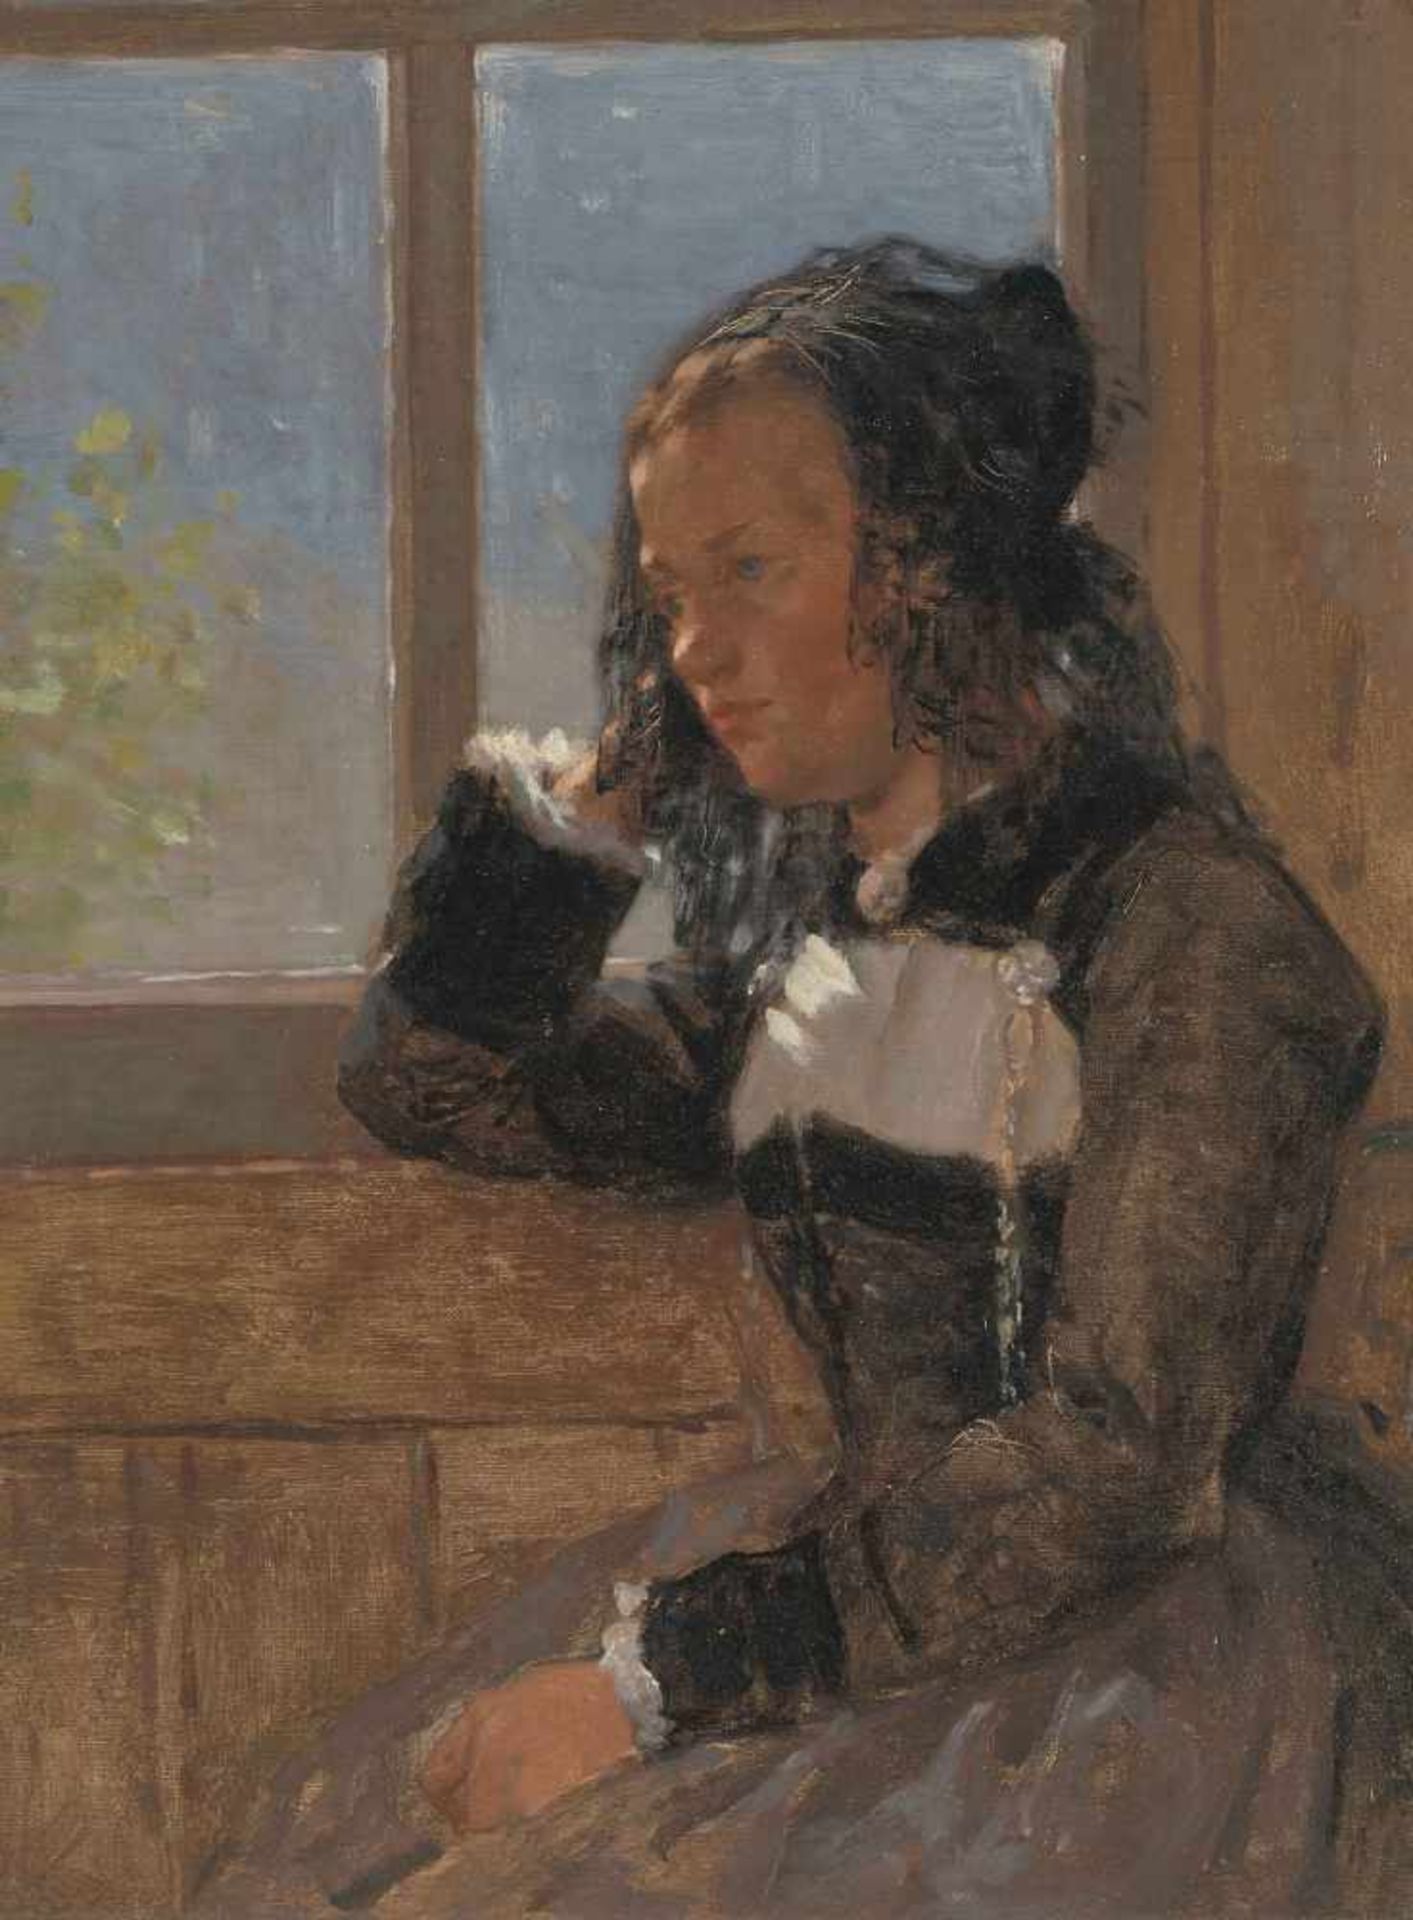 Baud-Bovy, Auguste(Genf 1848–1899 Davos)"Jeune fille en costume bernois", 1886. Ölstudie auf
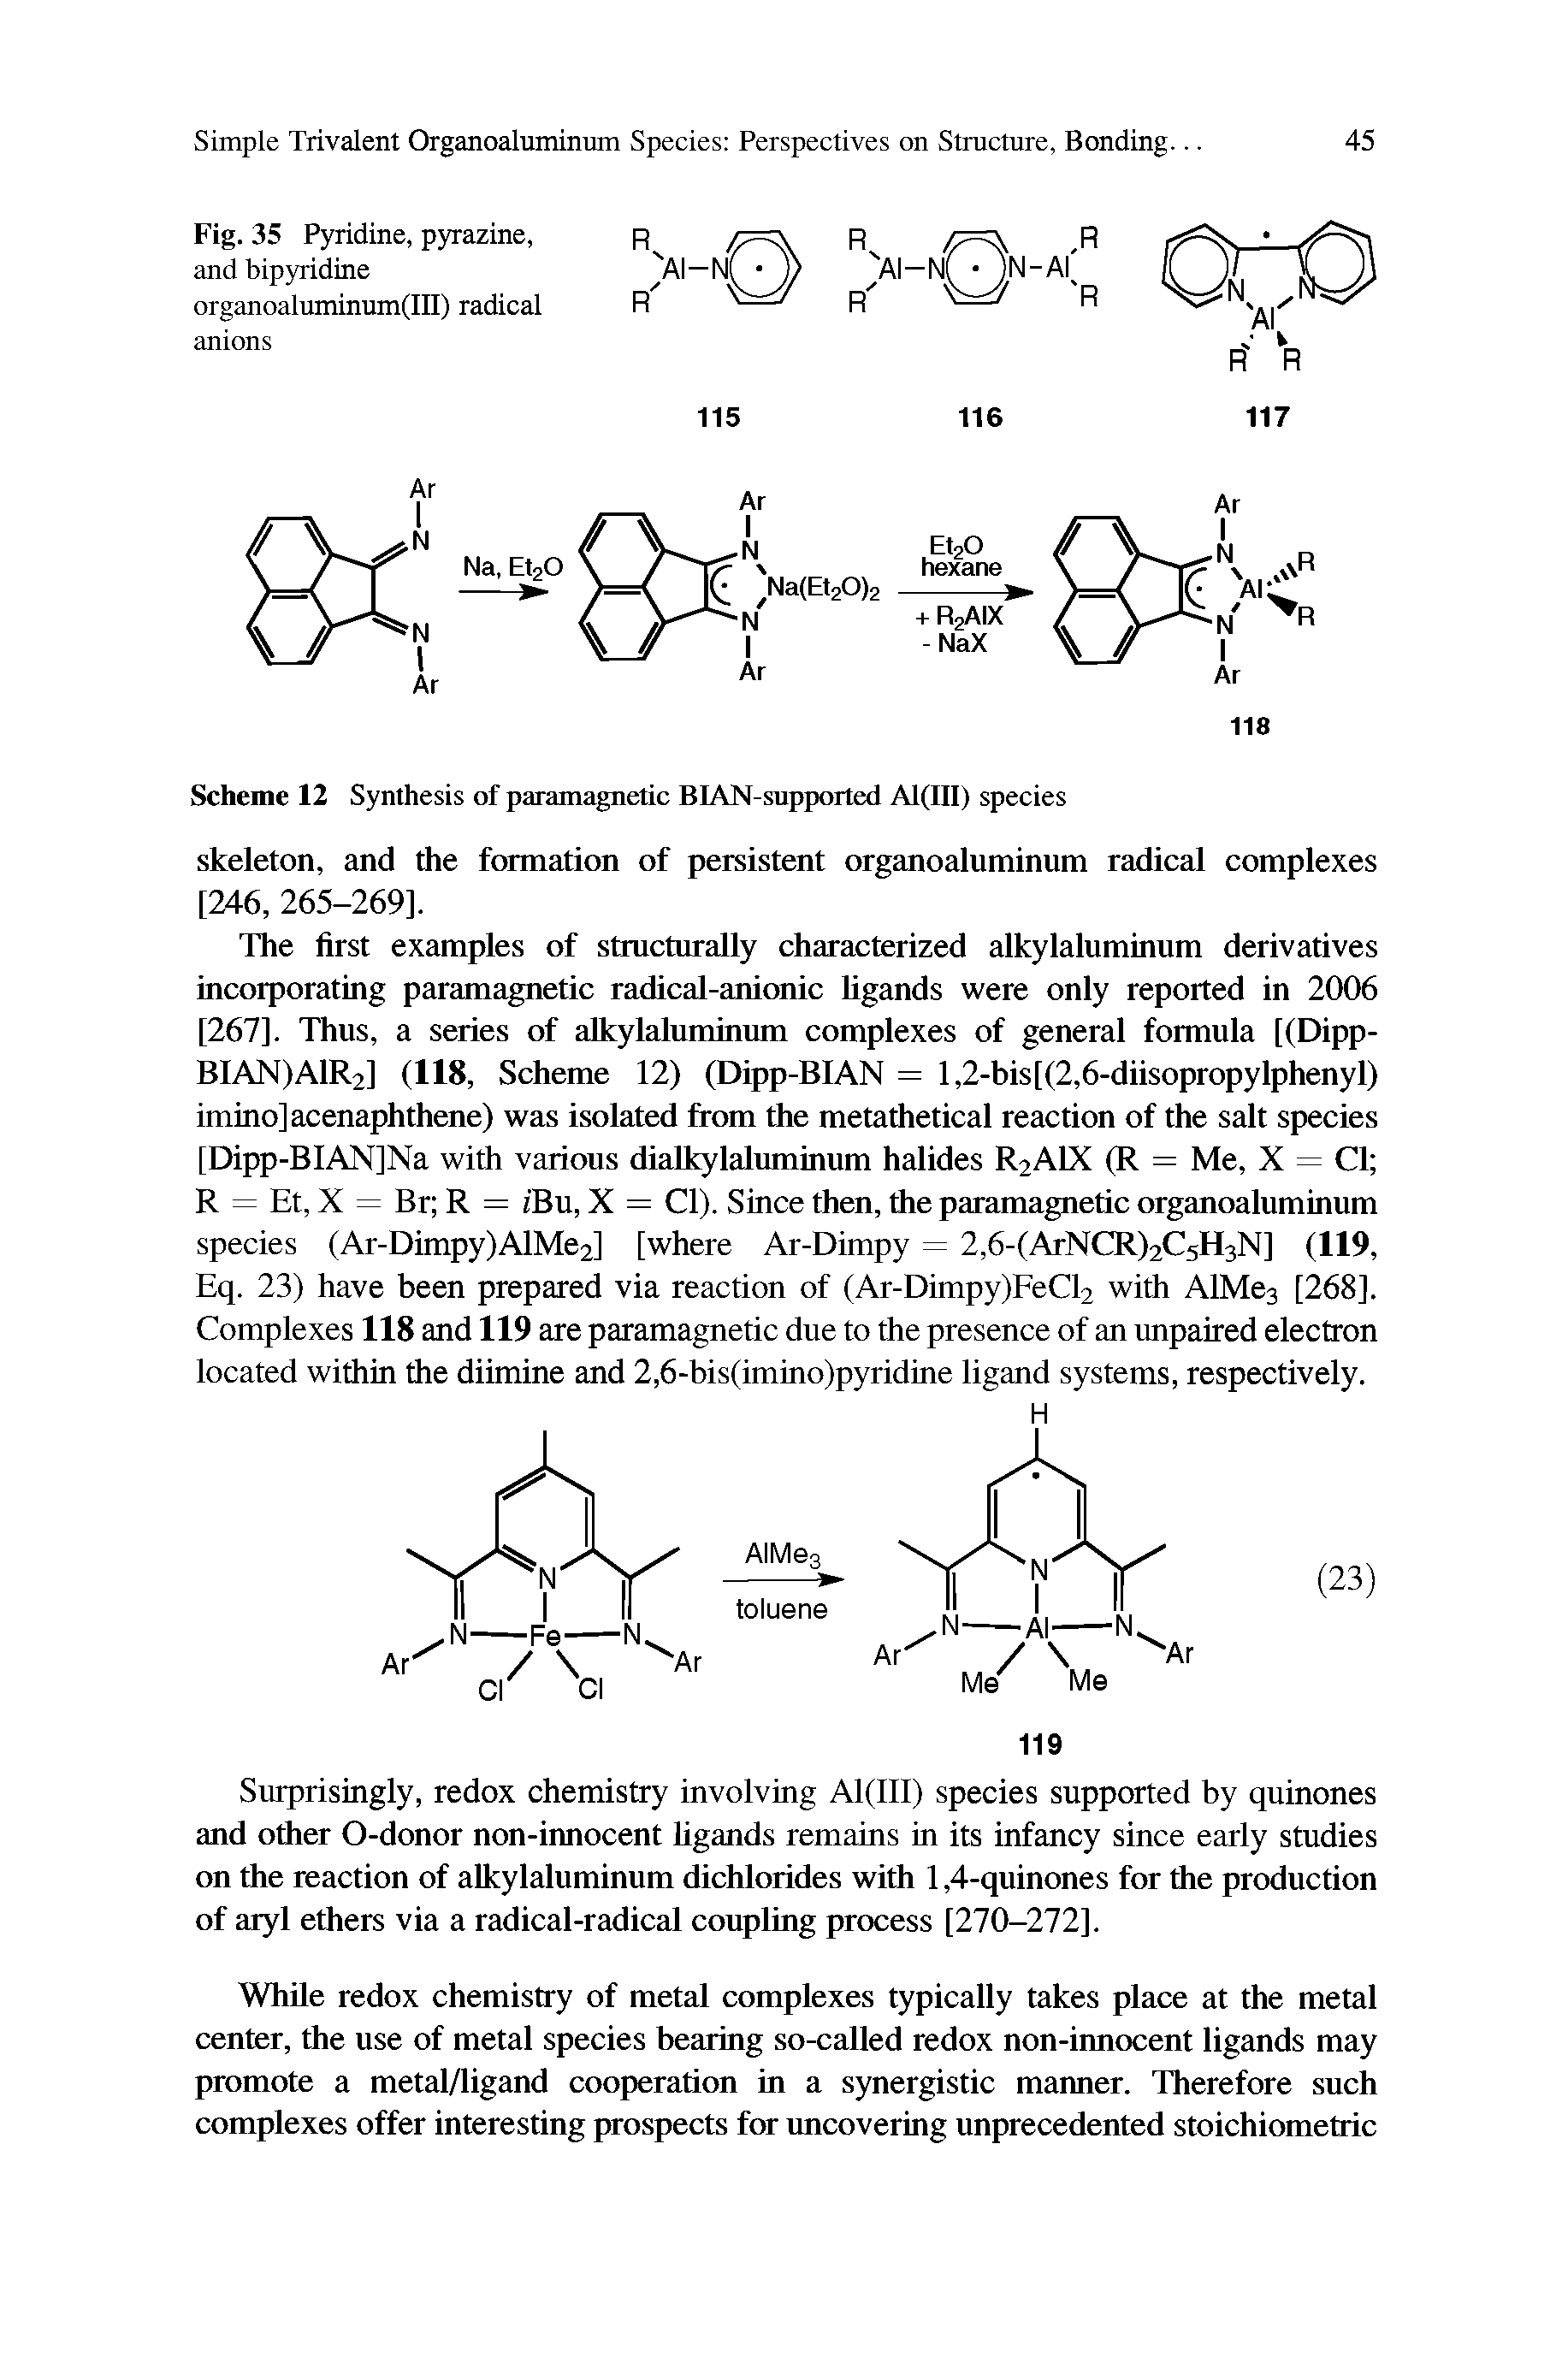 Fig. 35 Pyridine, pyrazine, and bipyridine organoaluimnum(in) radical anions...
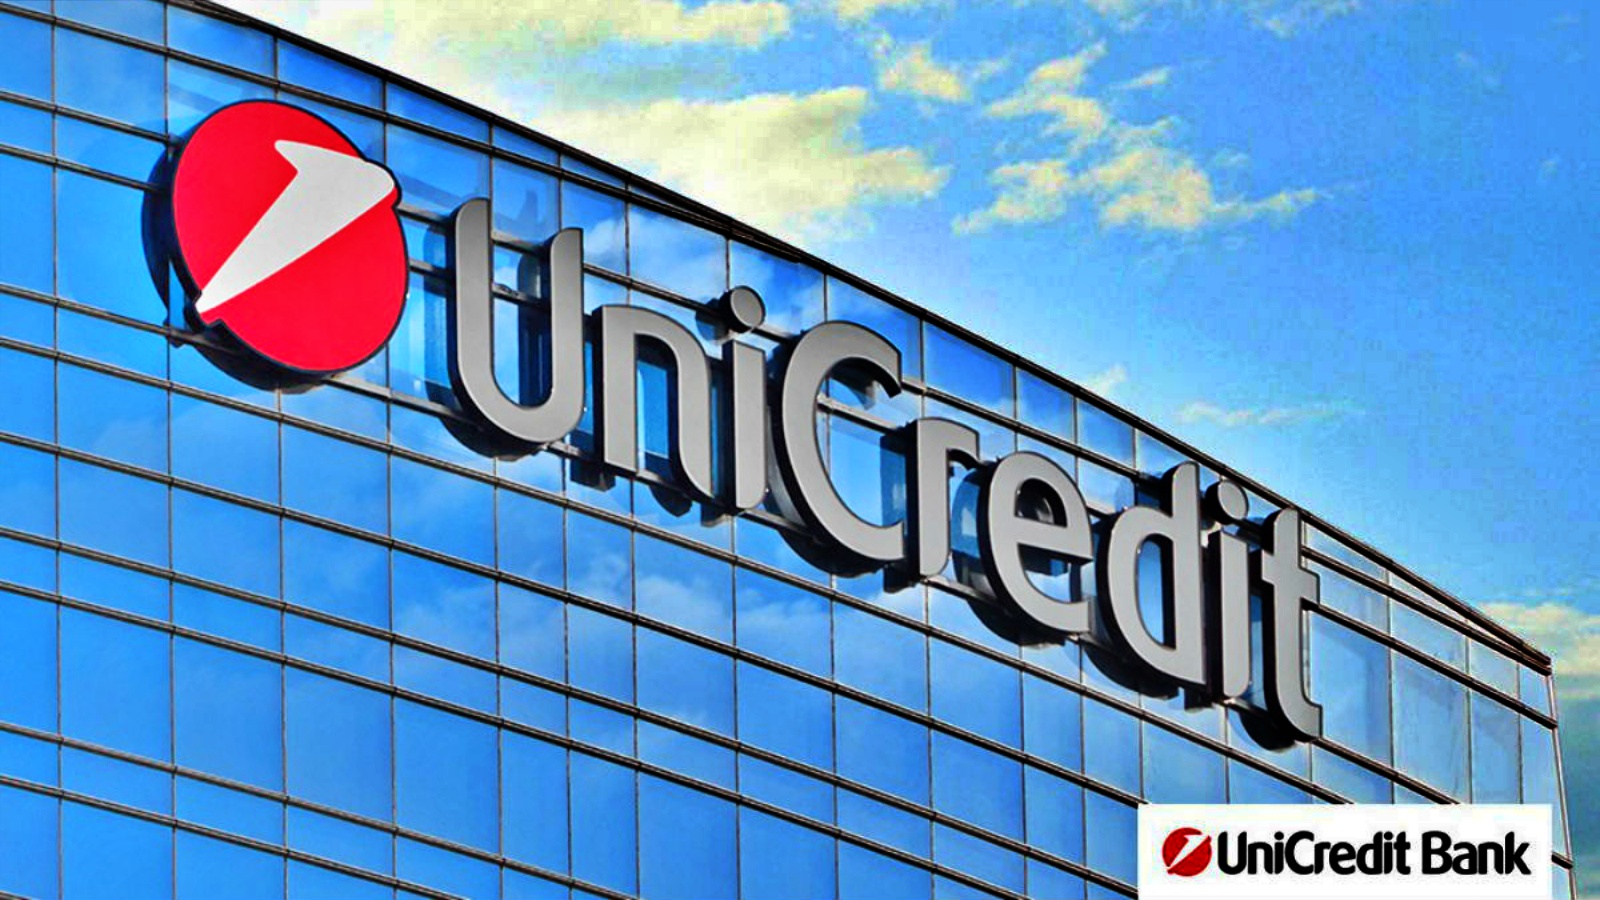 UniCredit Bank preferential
--------------------
WHAT YOU HAVE TO DO: Your answer must reproduce exactly the lines from the line with "Fig. 35 Pyridine, pyrazine, and" through the end of the material, both ends included, with every picture dropped.

COMPLETED TASK:
 Fig. 35 Pyridine, pyrazine, and bipyridine organoaluimnum(in) radical anions...
 UniCredit Bank preferential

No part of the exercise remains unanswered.